Yes. Everyone in 1986 intended the agreement to be filed. By mistake, it was not.

Why is any person in the town government – certainly the elected officials, but also staff – unable to say, “we were wrong in 1986 to not file this agreement. The Town made a mistake.”

When the hearing examiner remands issues back to the Town, residents want the council, not the staff, to respond. Residents are looking for accountability. They want leadership. They want their elected officials to be the final arbitrators and decision makers for critical decisions that determine both the design, scale and size of a building constructed in 2023 and the lived impact of additional people and cars living at that address will have on the community well into the future.


They want to know they are heard.

Council hears from residents but residents wonder if they are being listened to. Little has been said by any council member in the time they have been petitioned by residents.

Last evening resident Dan O’Donnell’s agenda item, an ordinance to have council approve “the rezone is hereby deemed valid and in effect” was in the council packet.

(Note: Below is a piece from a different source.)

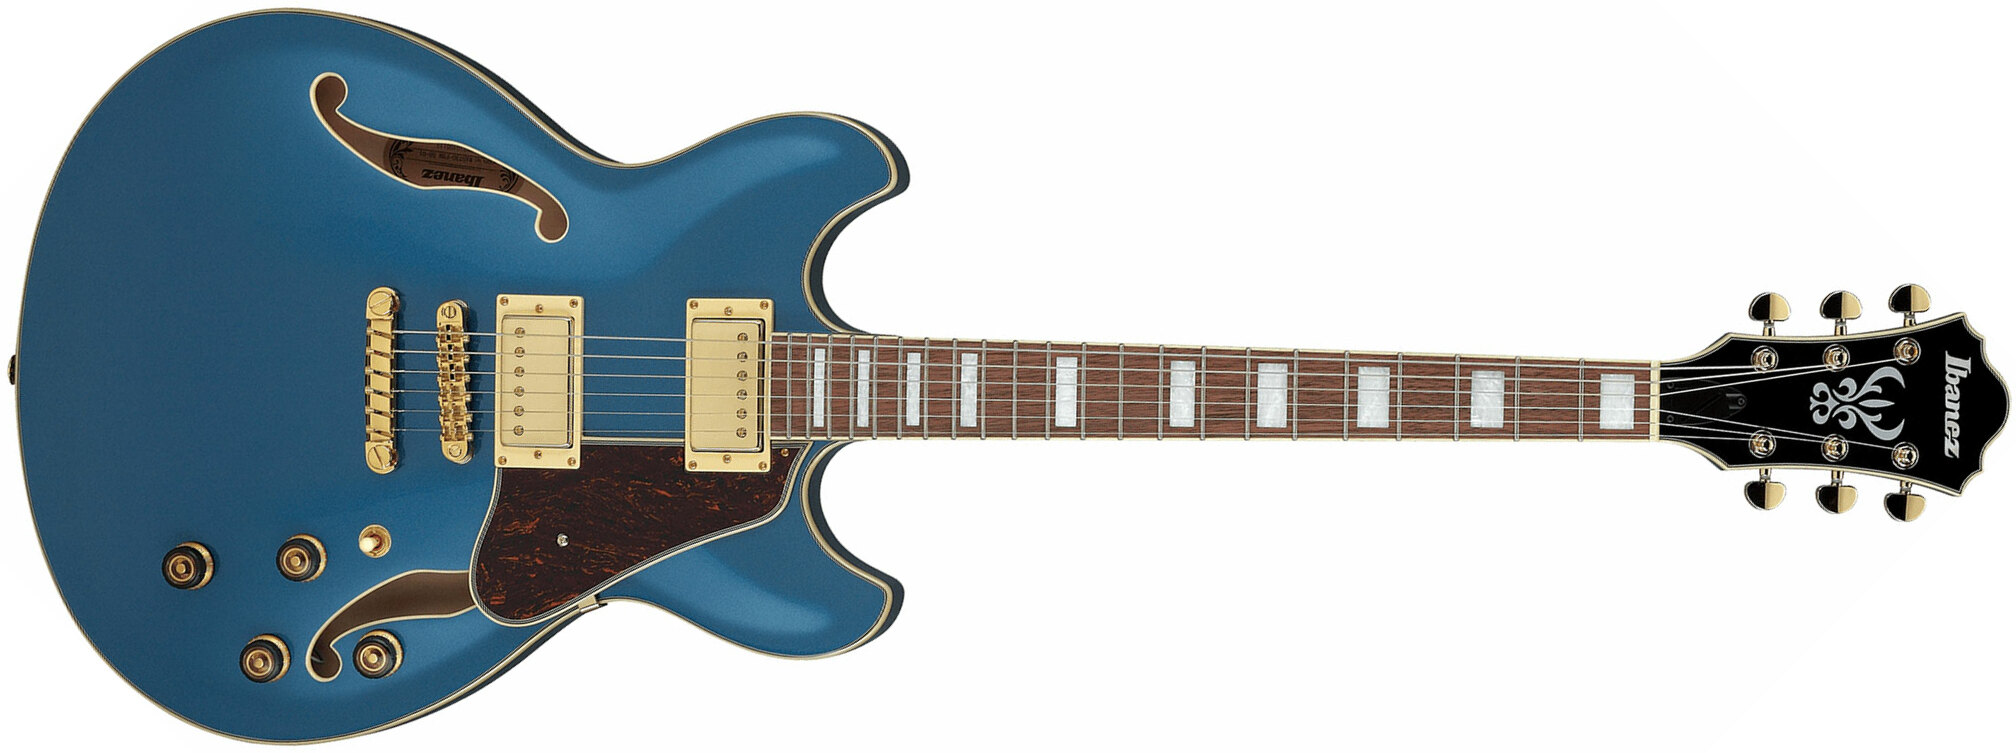 Ibanez As73g Pbm Artcore Hh Ht Noy - Prussian Blue Metallic - Semi-hollow electric guitar - Main picture

Council met after this edition went to press. Was a motion made and a second offered so the issue got debated? I don’t know, but I hope so. Council either accepted the challenge to take up and resolve this issue, going on the record with their positions and their reasons for them – and sharing their concerns around this project and acknowledging their constituents' apprehensions – or they did not. Either way, it is disappointing and frustrating to many that only by a resident’s request, for that is how the ordinance is labeled, has the validity of the 1986 agreement come before council.


Neither challenging the government to engage nor wanting to get beyond the intricacies of the municipal code is divisive, nor is asking for responses and dialogue from the town’s legislative body to its citizens.